Living Will and Health Care Proxy: lessons learned from the Schiavo case

If any good came out of the Schiavo case, where family members were pitted against each other in a life and death struggle, it is the heightened public awareness of the importance of advance directives. The two primary advance directives are the Health Care Proxy and the Living Will. In the absence of an advance directive, family members must petition the court for the appointment of a guardian who will then be forced to make health care decisions with insufficient guidance from the individual directly affected. Guardianship proceedings are expensive and as in the Schiavo case, disputes may arise as to who should be making the decisions and how those decisions should be made.

The simple solution is for each individual to have a Health Care Proxy and possibly, a Living Will. The Health Care Proxy is a written document where you name someone you trust, such as a family member or close friend, to make health care decisions for you if you lose the ability to make decisions for yourself. You exercise your choice to name an agent who best understands you and who you trust to make decisions the way you would have made them. You may also name an alternate or several alternate agents. The Living Will (which can be a separate document or be included within your Health Care Proxy) is a declaration of your wishes with regard to the withdrawal or termination of life support. It may set forth a standard when you wish life support to be terminated and may outline the type of care you wish to receive or not receive under those circumstances. The Living Will provides guidance to your health care agent in making end of life decisions on your behalf. Under New York law, your health care agent may only make decisions about artificial nutrition and hydration (nourishment and water provided by feeding tube or intravenous line as in the Schiavo Case) if your agent knows your wishes from what you have said or what you have written. Accordingly, if you wish the feeding tube to be removed, we recommend that your Health Care Proxy specifically authorize removal of the feeding tube under the circumstances you specify.
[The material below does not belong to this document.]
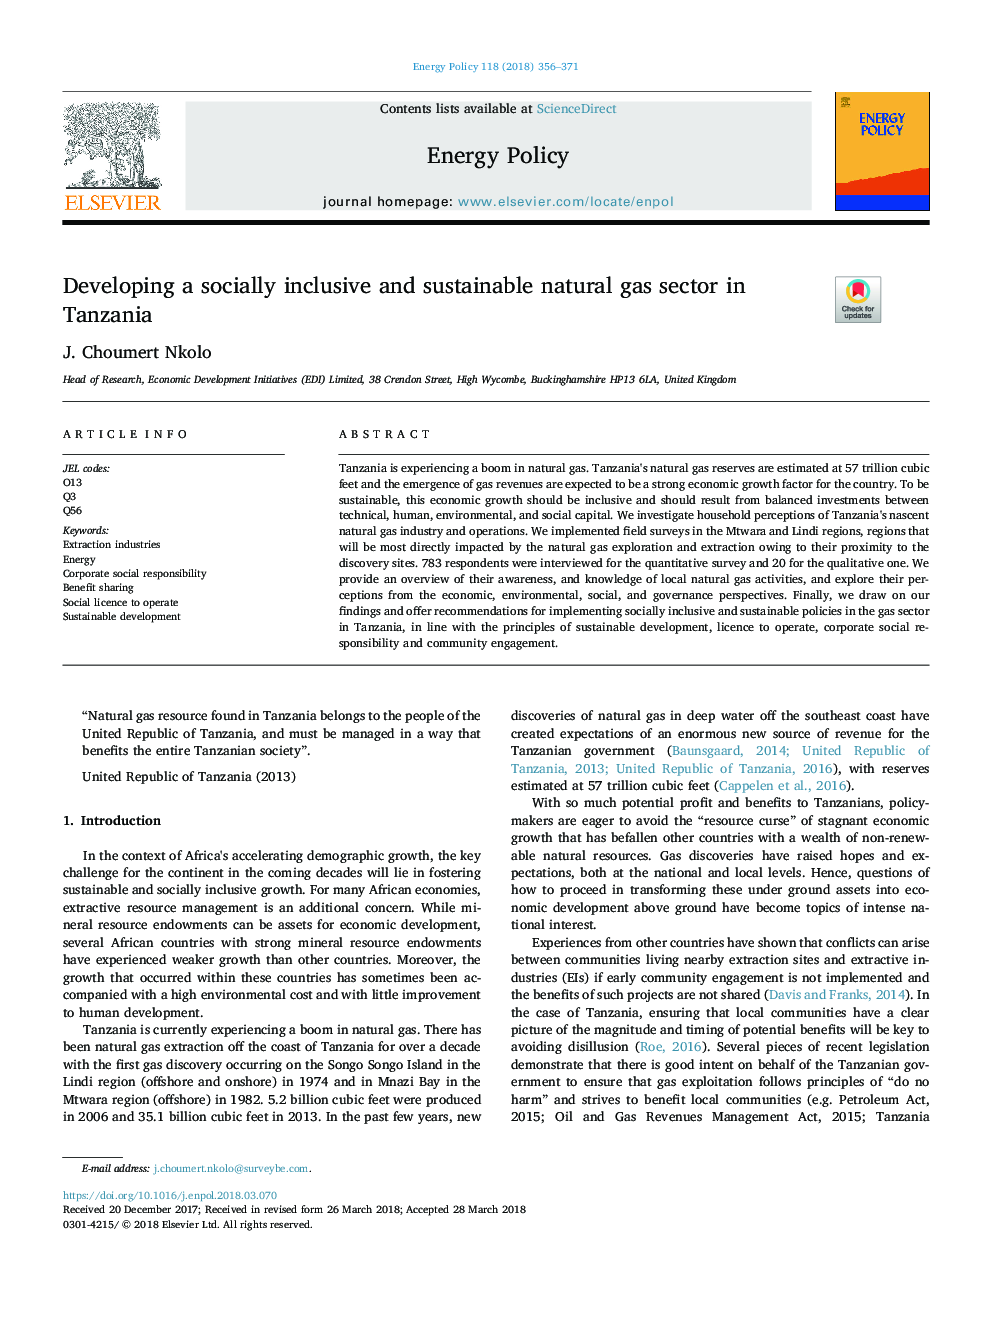 Developing a socially inclusive and sustainable natural gas sector in Tanzania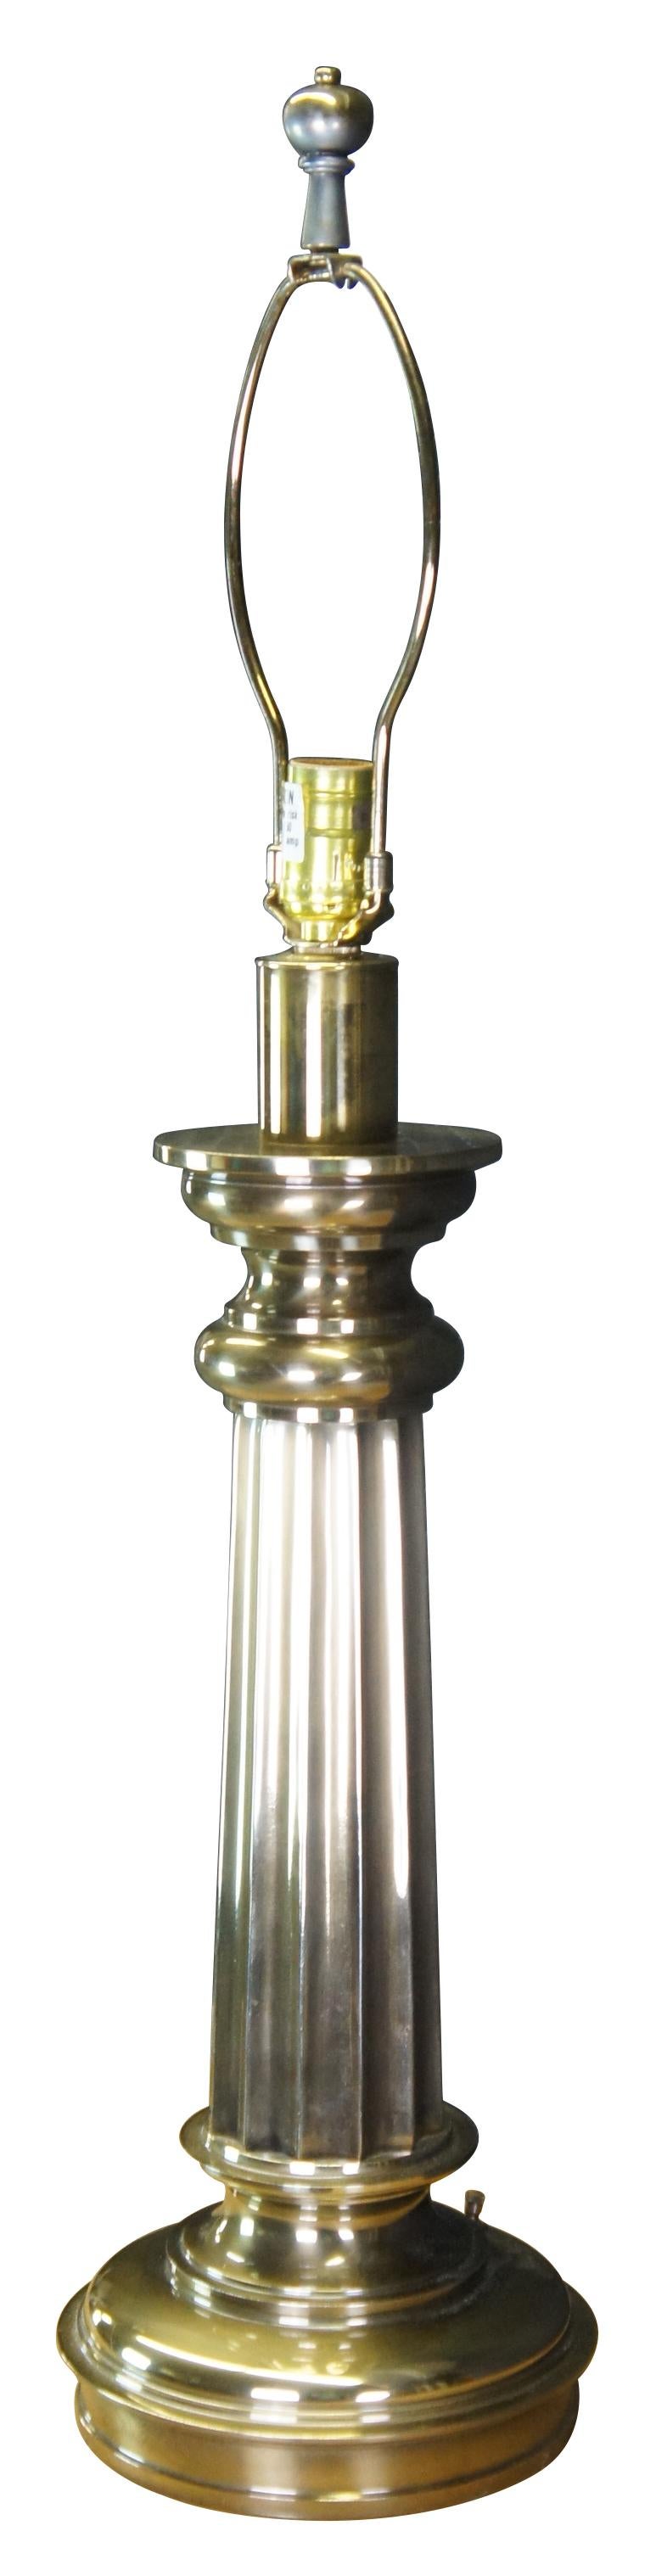 Vintage Stiffel table lamp. Made from brass with fluted column at the center.

The New York State Health Care Proxy form is readily available on line or from your doctor’s office or hospitals. Often you will receive a form Health Care Proxy in the mail when you are scheduled for surgery or are about to enter a hospital. An opportune time to make decisions as to who will be your health care agent, and how to express your wishes for health care is when you are engaged in estate planning. As part of the estate planning process we generally address issues relating to death or disability. We prepare a Last Will and Testament and Durable Power of Attorney. We review beneficiary designations, tax and other planning opportunities. You will be making decisions as to who will be your executor or trustee under your Will, as well as your Power of Attorney. This is an appropriate time also to discuss who you wish to name as your health care agent and how you feel about end of life issues.

In sum, the nightmare faced by the Schiavo family members can be substantially avoided by establishing advance directives such as a Health Care Proxy and Living Will. We recommend that this be done as a regular part of setting up your estate plan and updating your estate plan.